» **Given data**
□ □ □ □

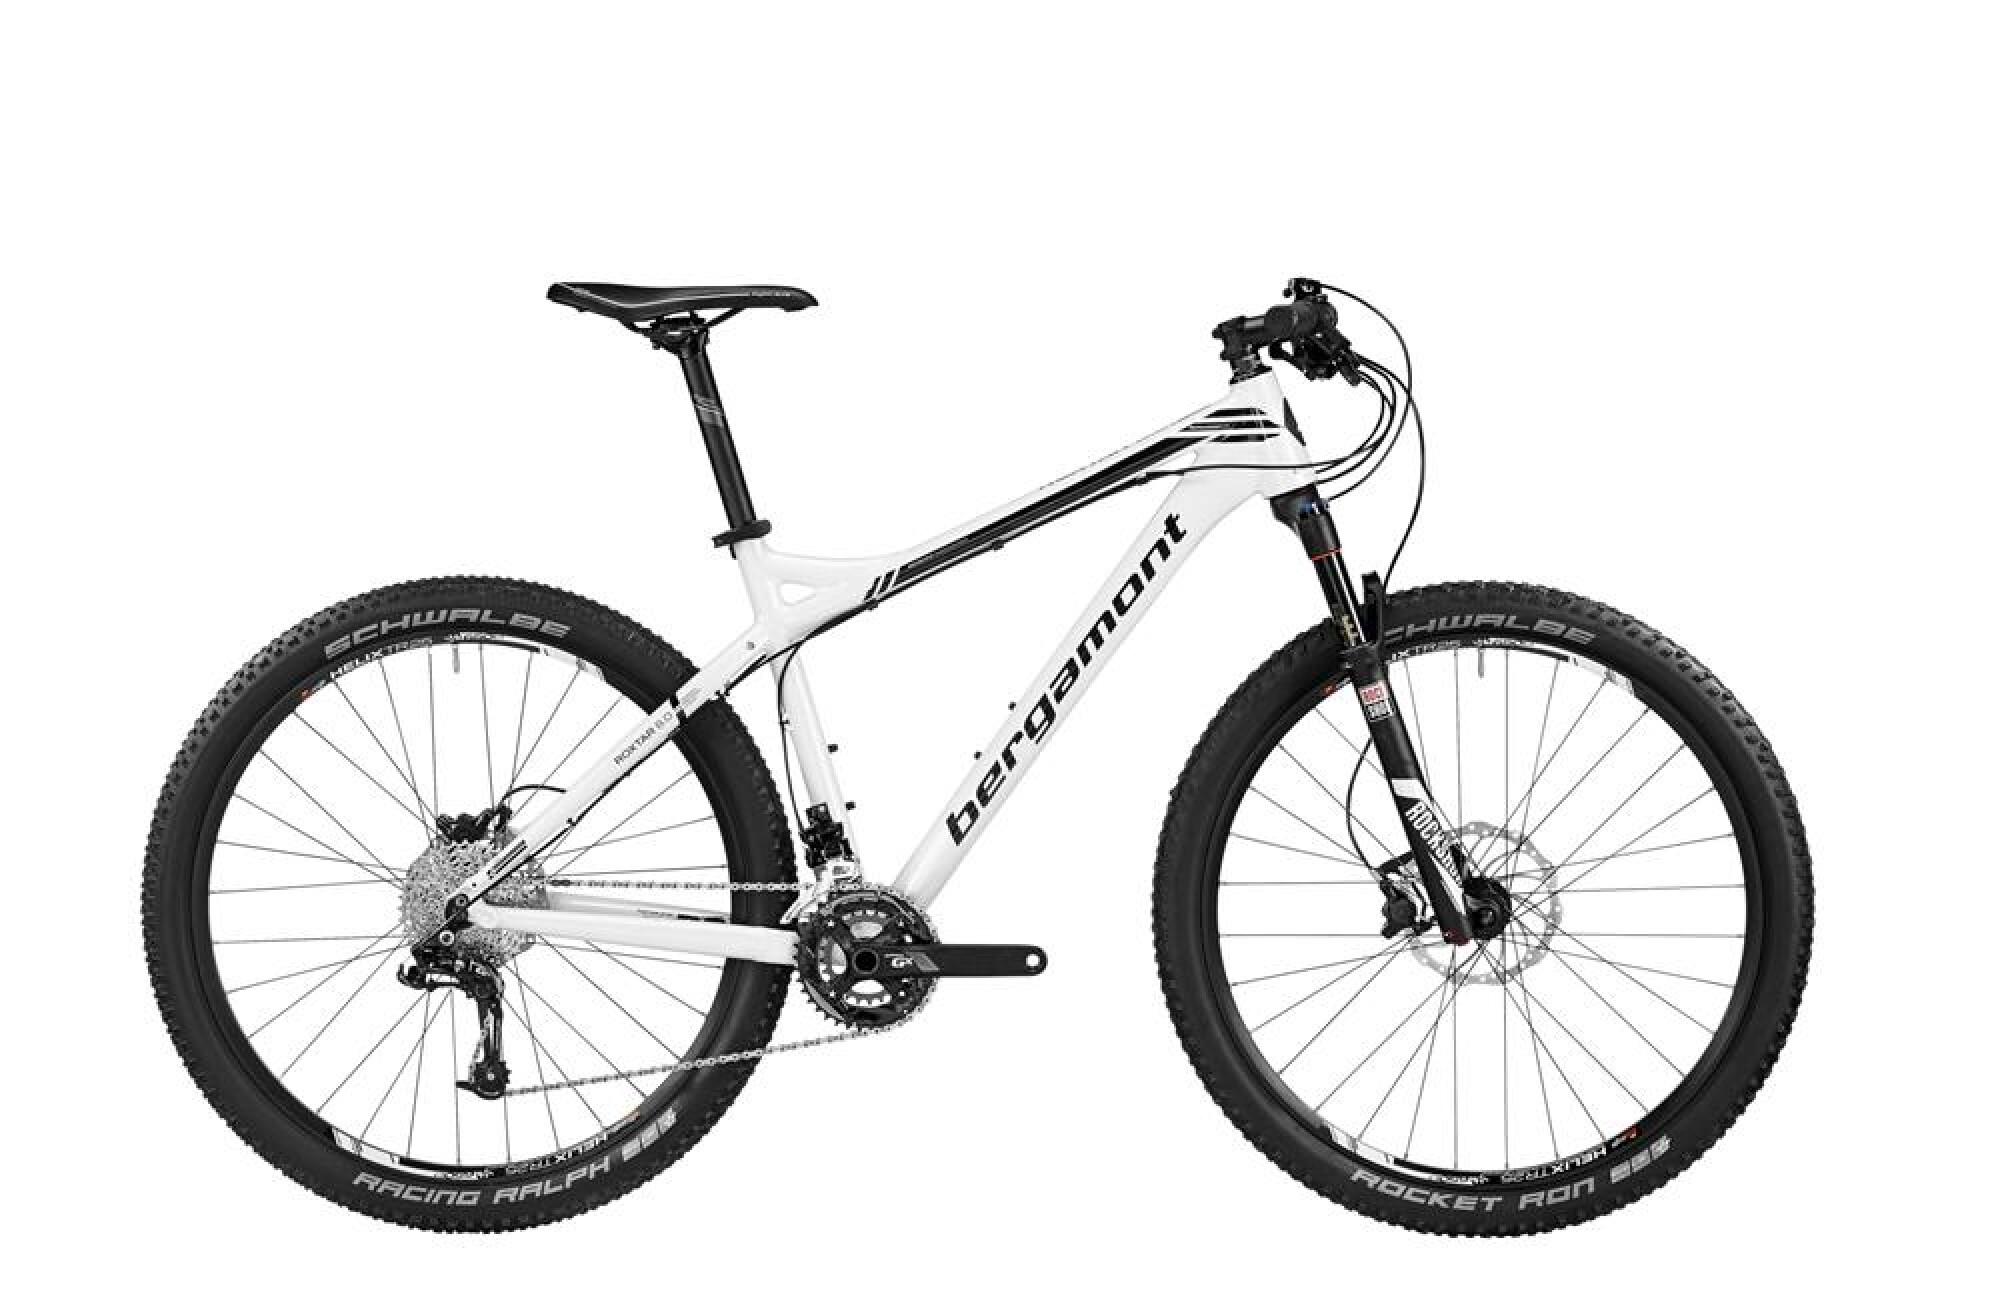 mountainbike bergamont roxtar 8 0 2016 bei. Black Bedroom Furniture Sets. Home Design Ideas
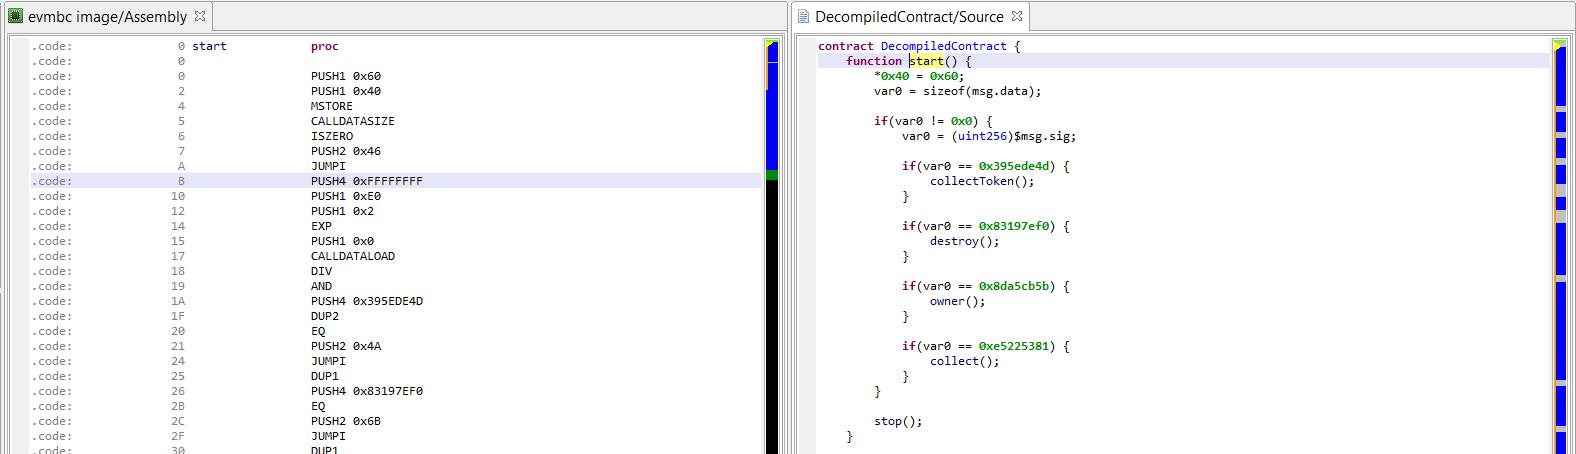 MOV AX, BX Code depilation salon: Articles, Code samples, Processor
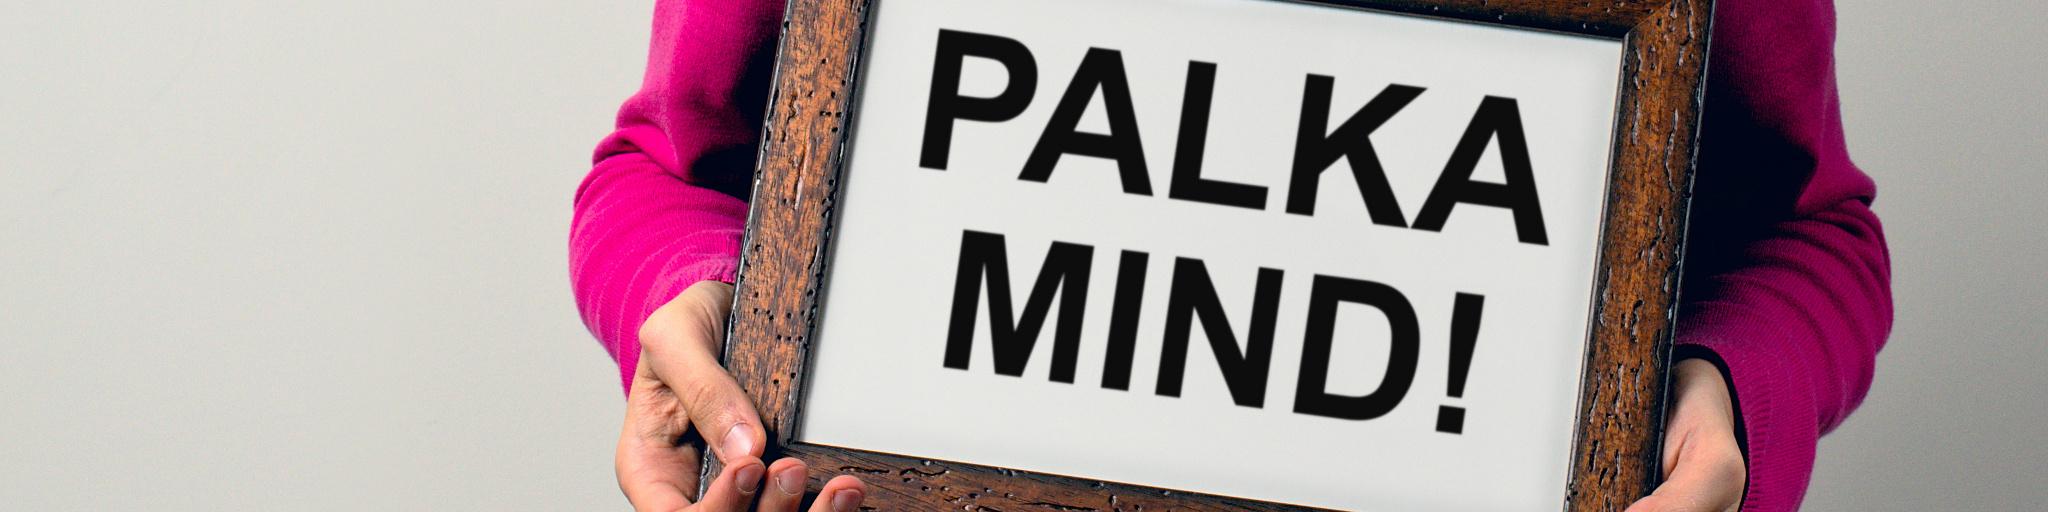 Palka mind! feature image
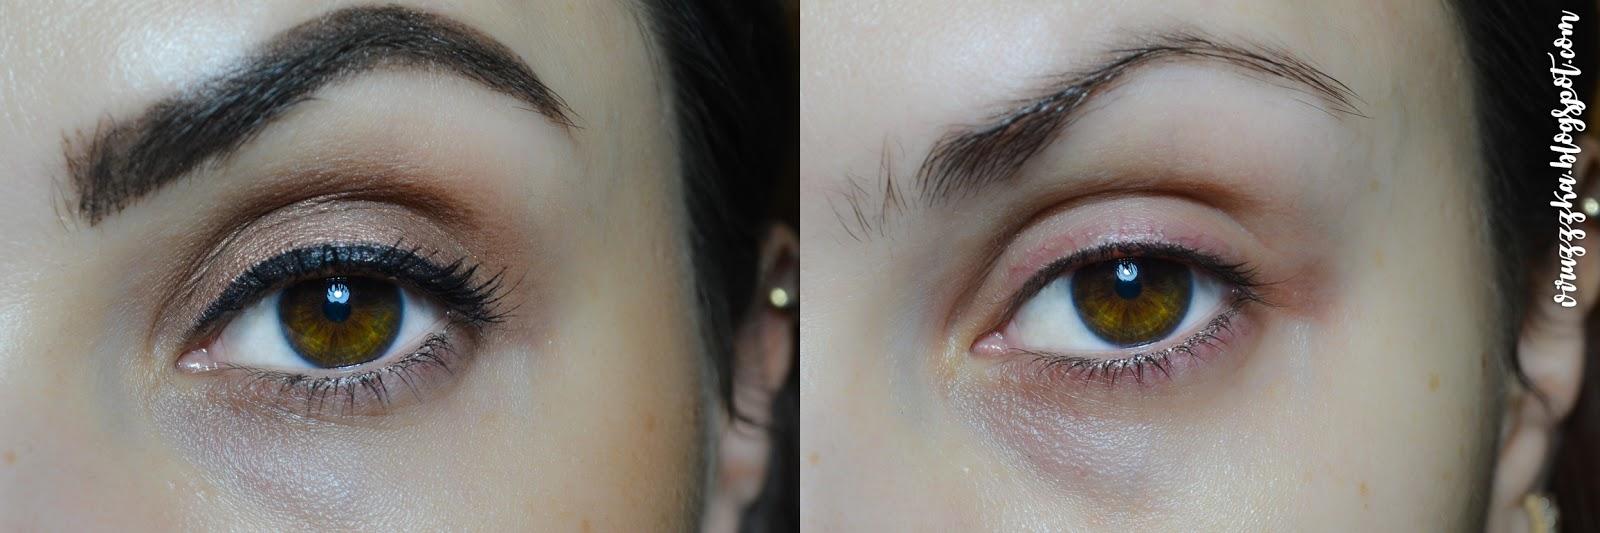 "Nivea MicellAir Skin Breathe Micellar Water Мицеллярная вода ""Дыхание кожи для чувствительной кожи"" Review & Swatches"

□ □ □ □

» **Assignment**
Leave out the pictures and return the listing exactly.

» **Solution to the problem**
 mountainbike bergamont roxtar 8 0 2016 bei. Black Bedroom Furniture Sets. Home Design Ideas
 MOV AX, BX Code depilation salon: Articles, Code samples, Processor
 Palka mind! feature image
 "Nivea MicellAir Skin Breathe Micellar Water Мицеллярная вода ""Дыхание кожи для чувствительной кожи"" Review & Swatches"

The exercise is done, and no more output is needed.